__What is being asked__
Return the listing exactly, please; no pictures.

__Provided data__
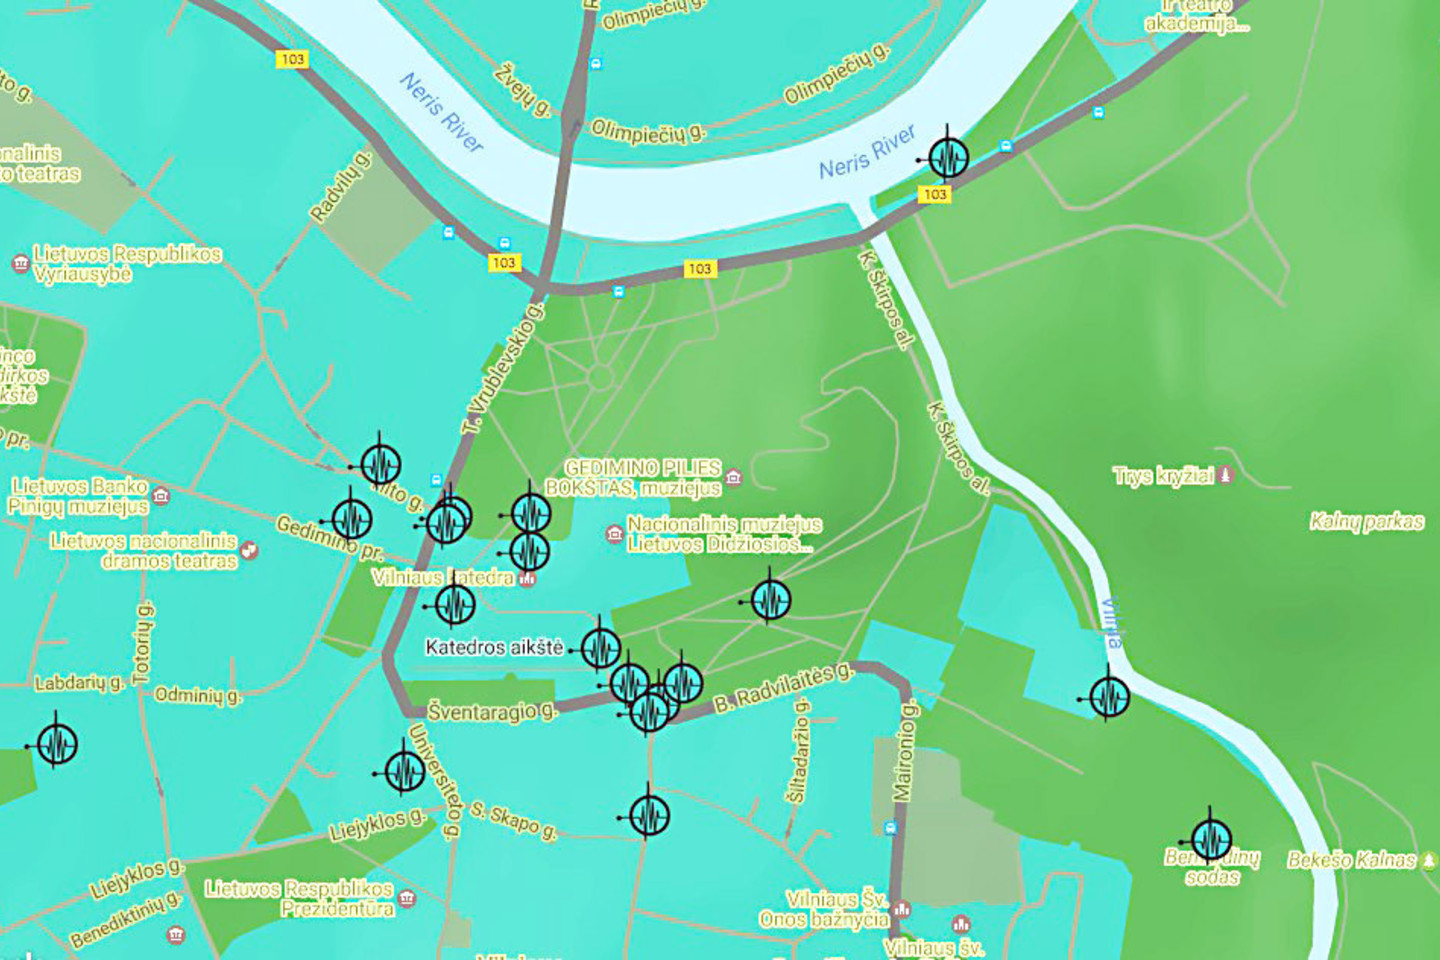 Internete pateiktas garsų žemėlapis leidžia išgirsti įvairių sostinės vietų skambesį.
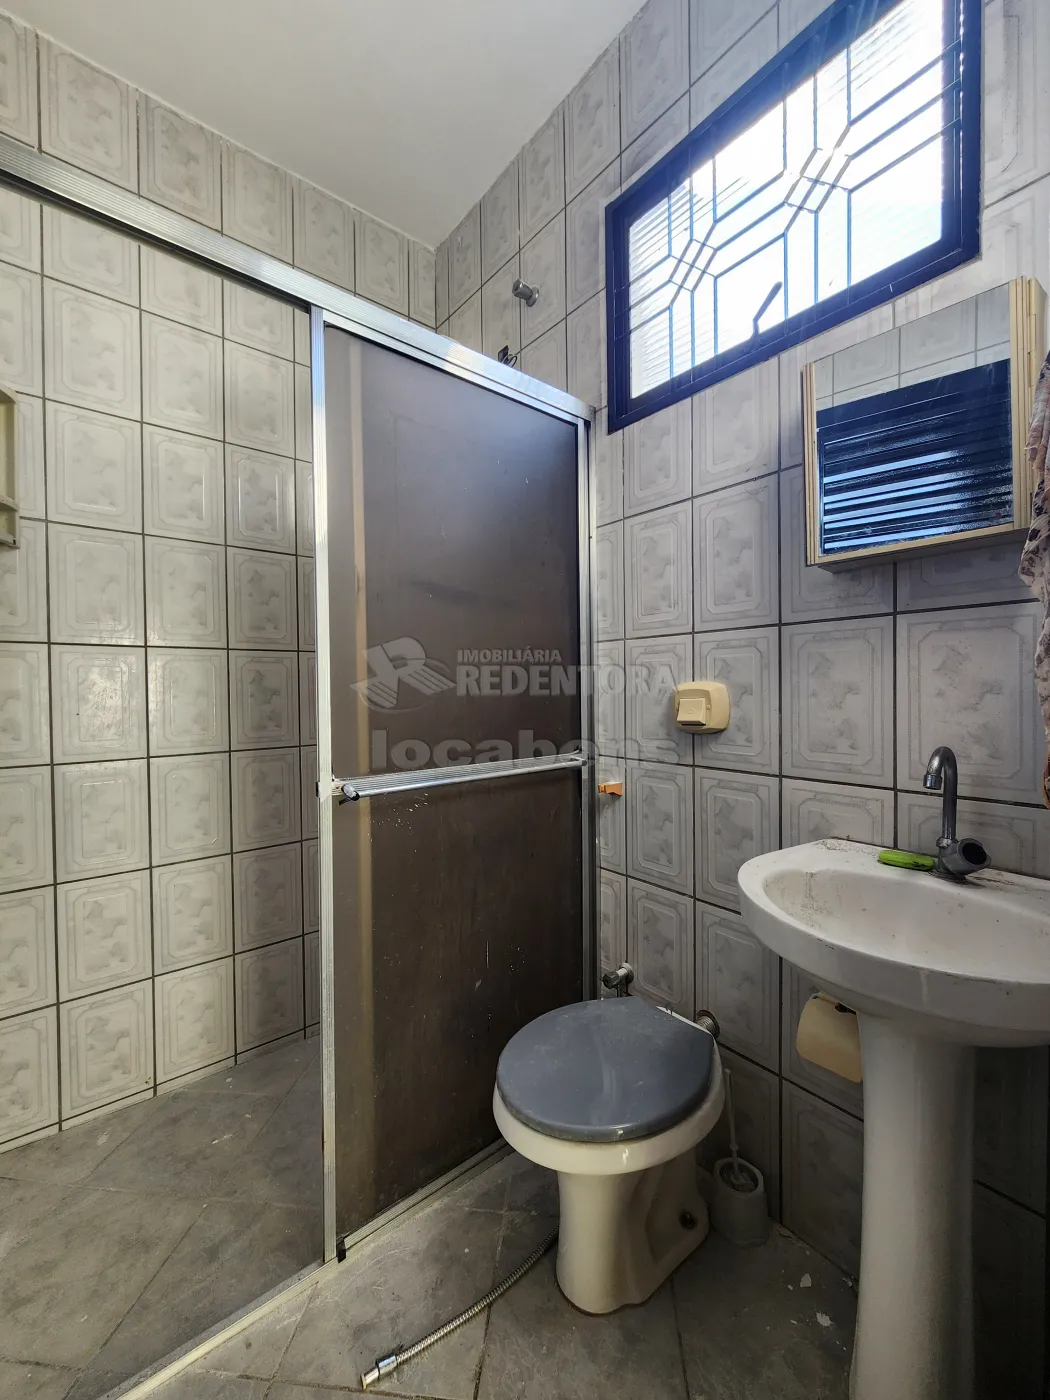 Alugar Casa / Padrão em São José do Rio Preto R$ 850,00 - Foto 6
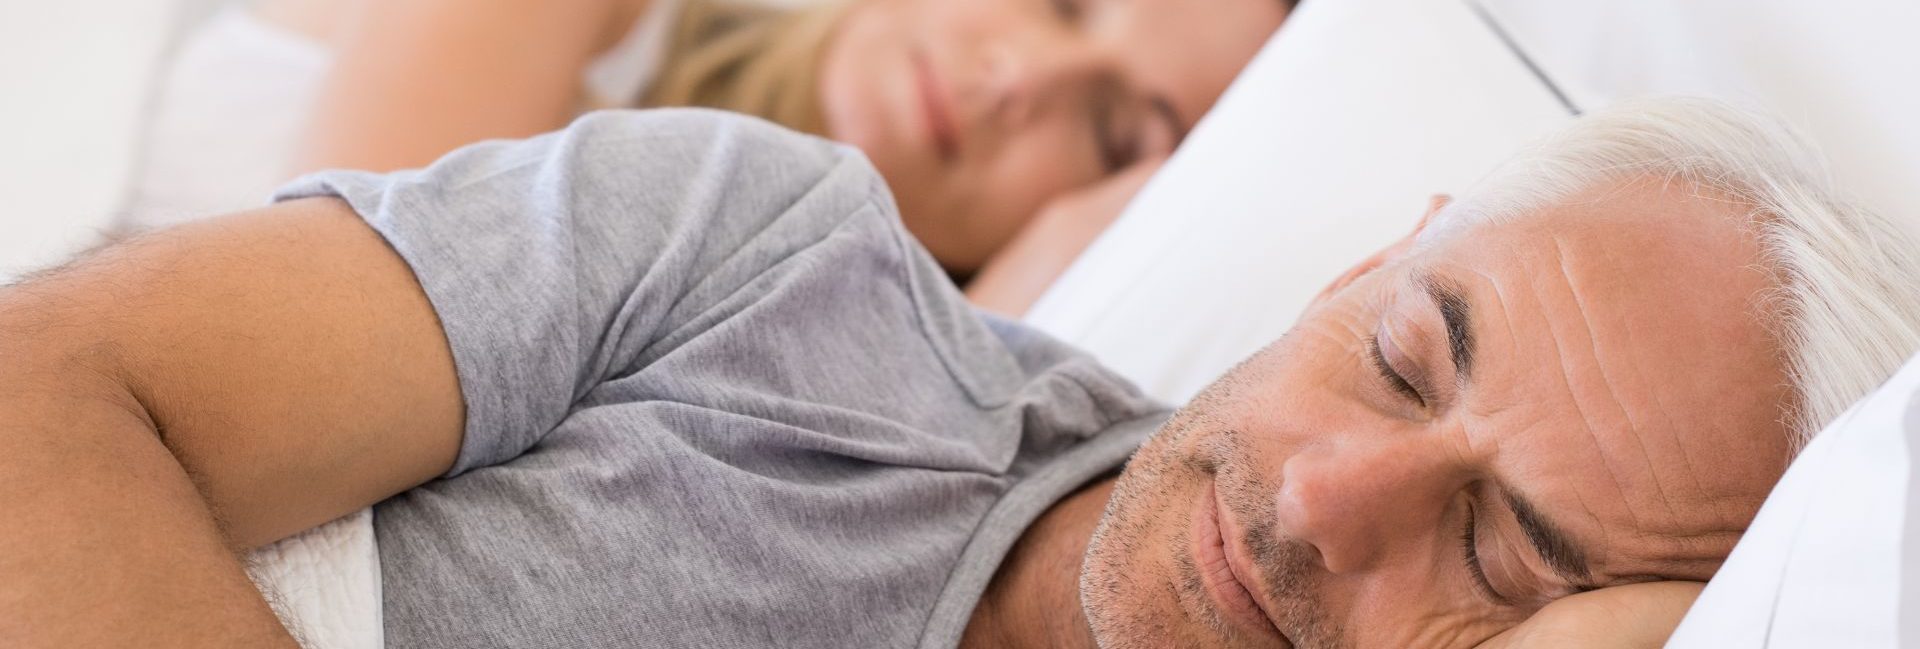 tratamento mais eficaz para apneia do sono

__Answer below__
 Internete pateiktas garsų žemėlapis leidžia išgirsti įvairių sostinės vietų skambesį.
 Alugar Casa / Padrão em São José do Rio Preto R$ 850,00 - Foto 6
 tratamento mais eficaz para apneia do sono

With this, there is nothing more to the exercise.